Columbia economist Richard Clarida tapped for vice chair of Federal Reserve

Columbia economist Richard Clarida tapped for vice chair of Federal Reserve

The Fed board now has only three serving members, two of whom are Trump appointees, allowing him the unprecedented opportunity to select all but one of the board's seven members.

Trump will also nominate Michelle Bowman, Kansas' top banking regulator, to the Fed's Board of Governors.

While Trump was highly critical of the Fed during the 2016 presidential campaign, his selections for Fed jobs so far have come from mainstream economists rather than the ranks of conservative economists who have been highly critical of the central bank's actions in the wake of the 2008 financial crisis.

Clarida has taught at Columbia since 1988, except for a break in 2002 to serve as assistant secretary for economic policy at the United States Treasury in the Bush administration.

Both nominations will be subject to approval of the Congress.

President Donald Trump announced Monday that he would nominate the economist Richard Clarida to be the Federal Reserve's next vice chairman.

A contender to be named vice chair of the U.S. Federal Reserve, Richard Clarida, managing director at Pacific Investment Management Co., (PIMCO), appears in this handout photo provided March 1, 2018.

Clarida, a Republican economist, has drawn comparisons to newly installed Fed Chairman Jerome Powell for a pragmatic approach to monetary policy.

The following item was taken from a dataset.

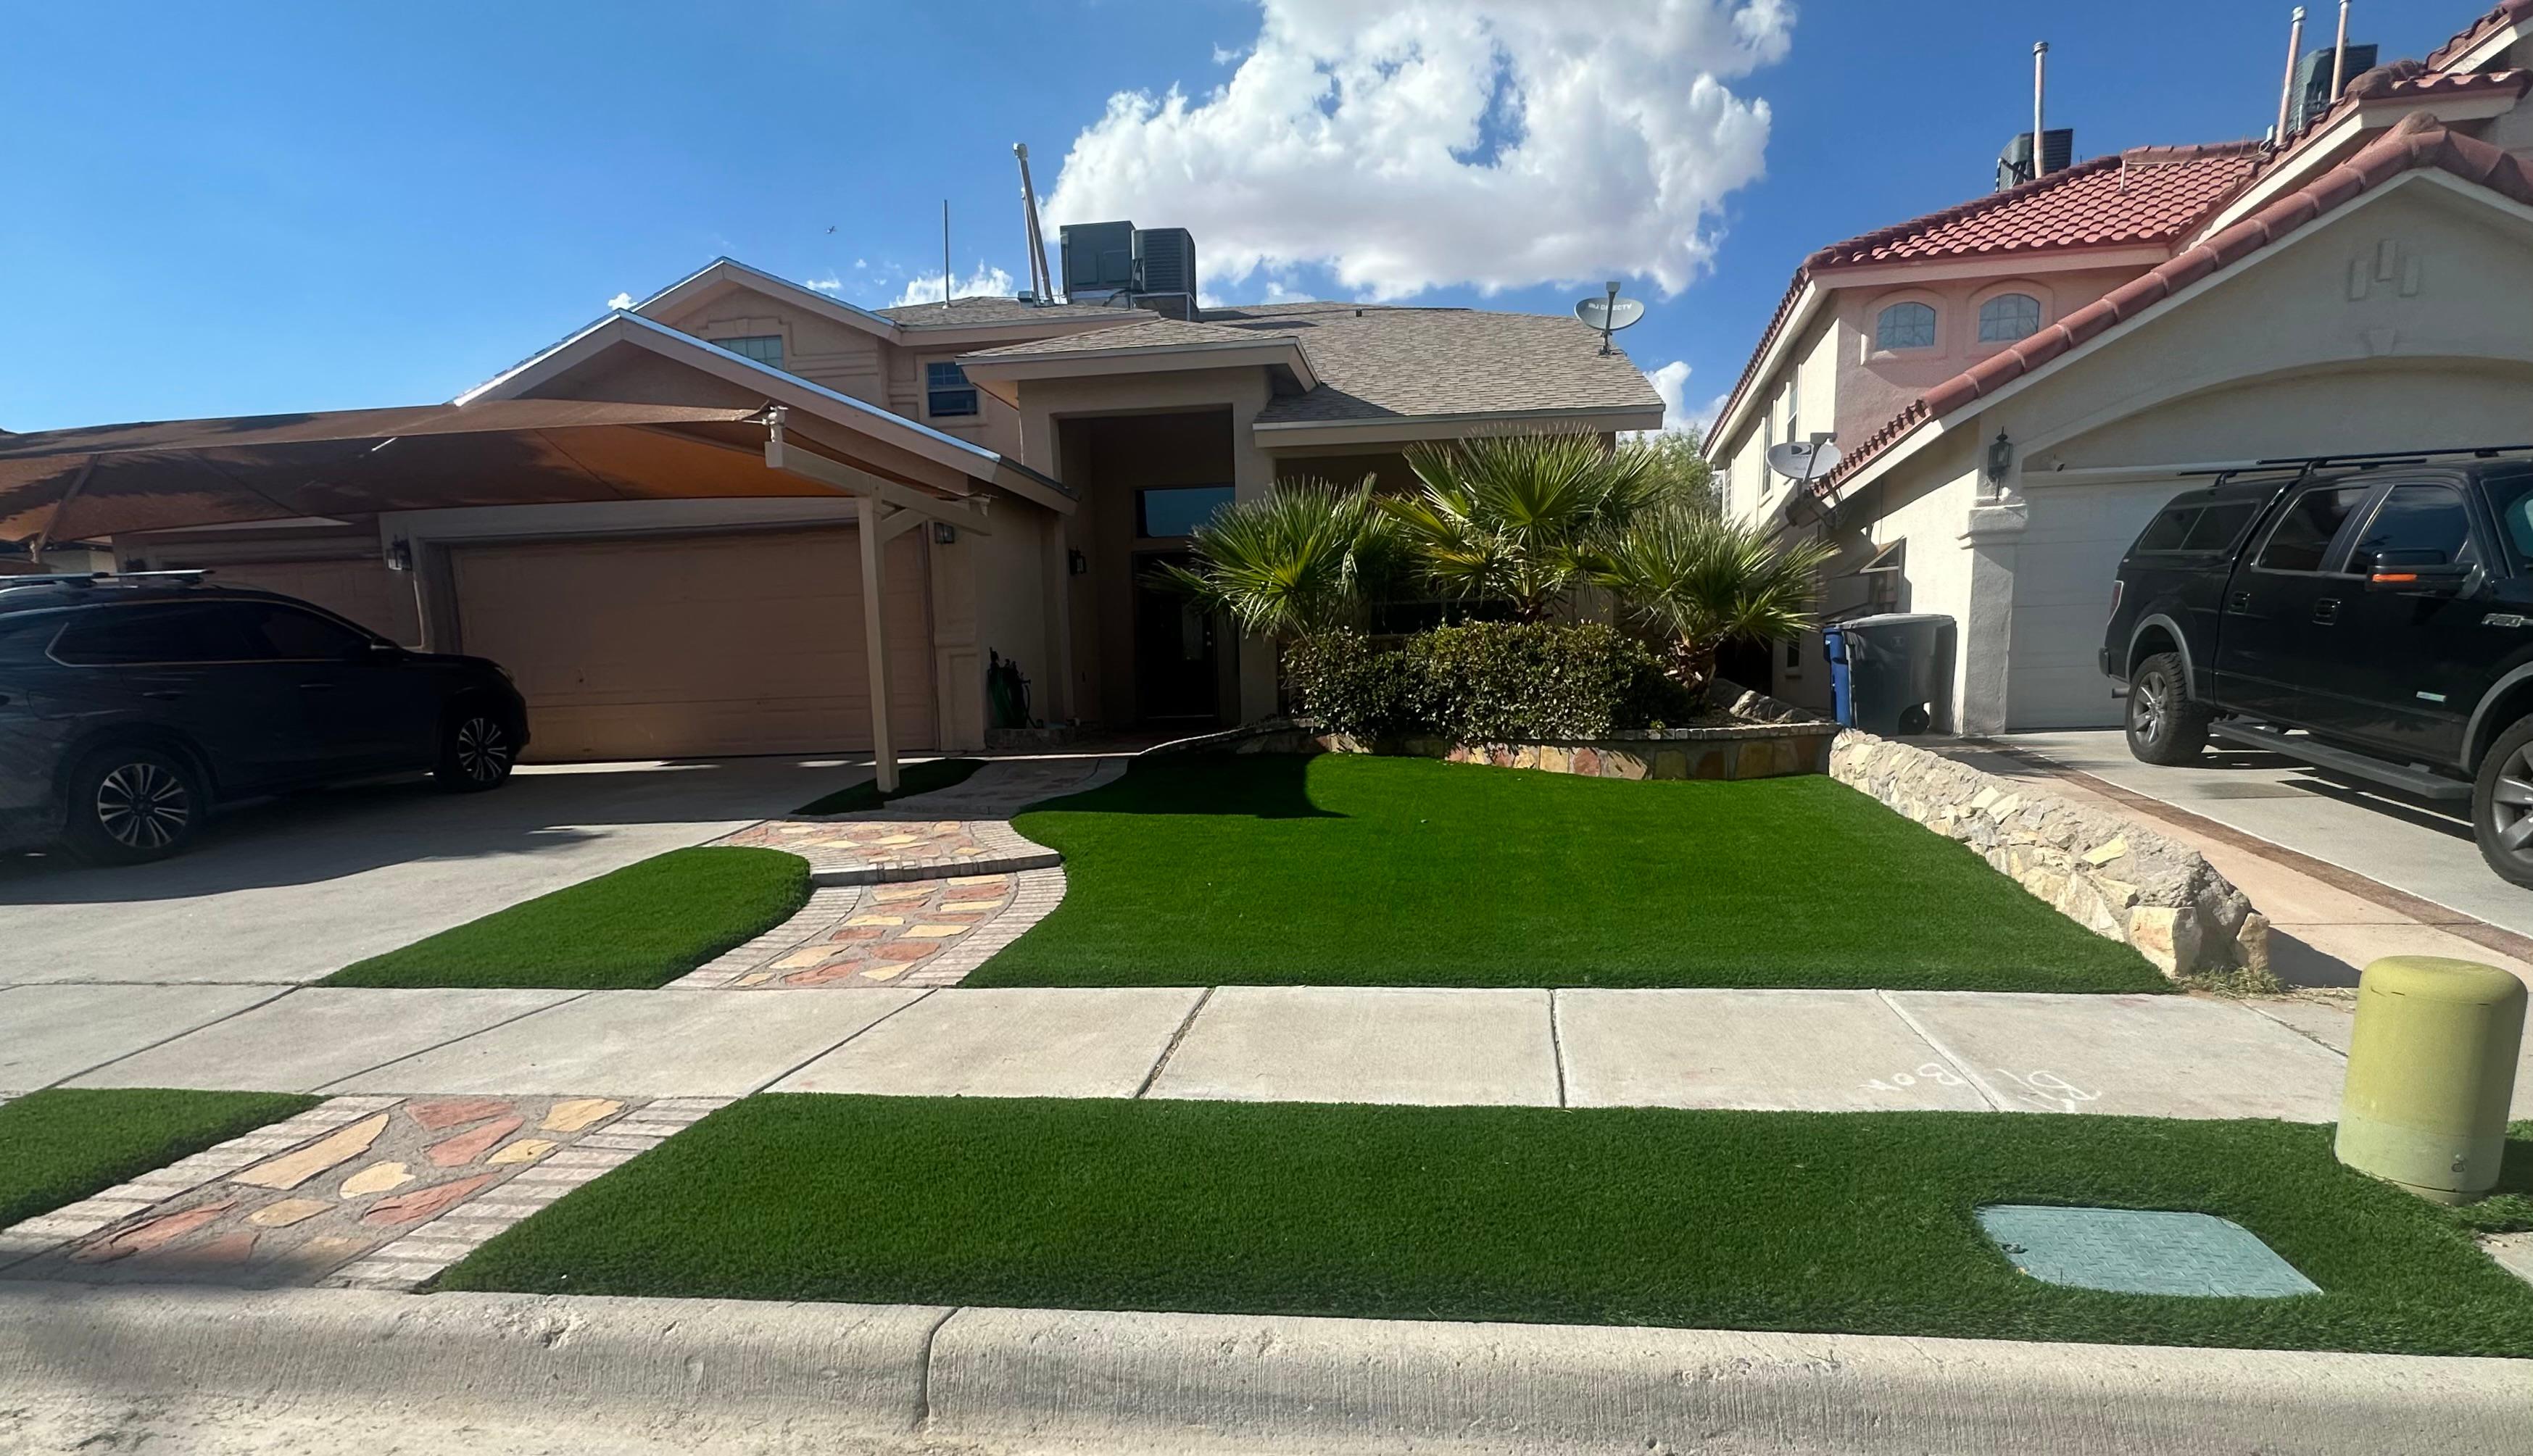 Purchase Green Artificial Grass El Paso (915)308-0897

He has 20 years of investment experience and holds a Ph.D.in economics from Harvard University.

But another Trump nominee, Carnegie Mellon University economist Marvin Goodfriend, faces stiff opposition from Democrats, casting doubt on chances he will be confirmed by the full Senate. In articles written for PIMCO, Clarida has outlined views largely consistent with current Fed policy.

In addition, the No. 2 spot on the Fed's interest rate panel has come open with the impending departure of William Dudley, president of the Fed's NY regional bank.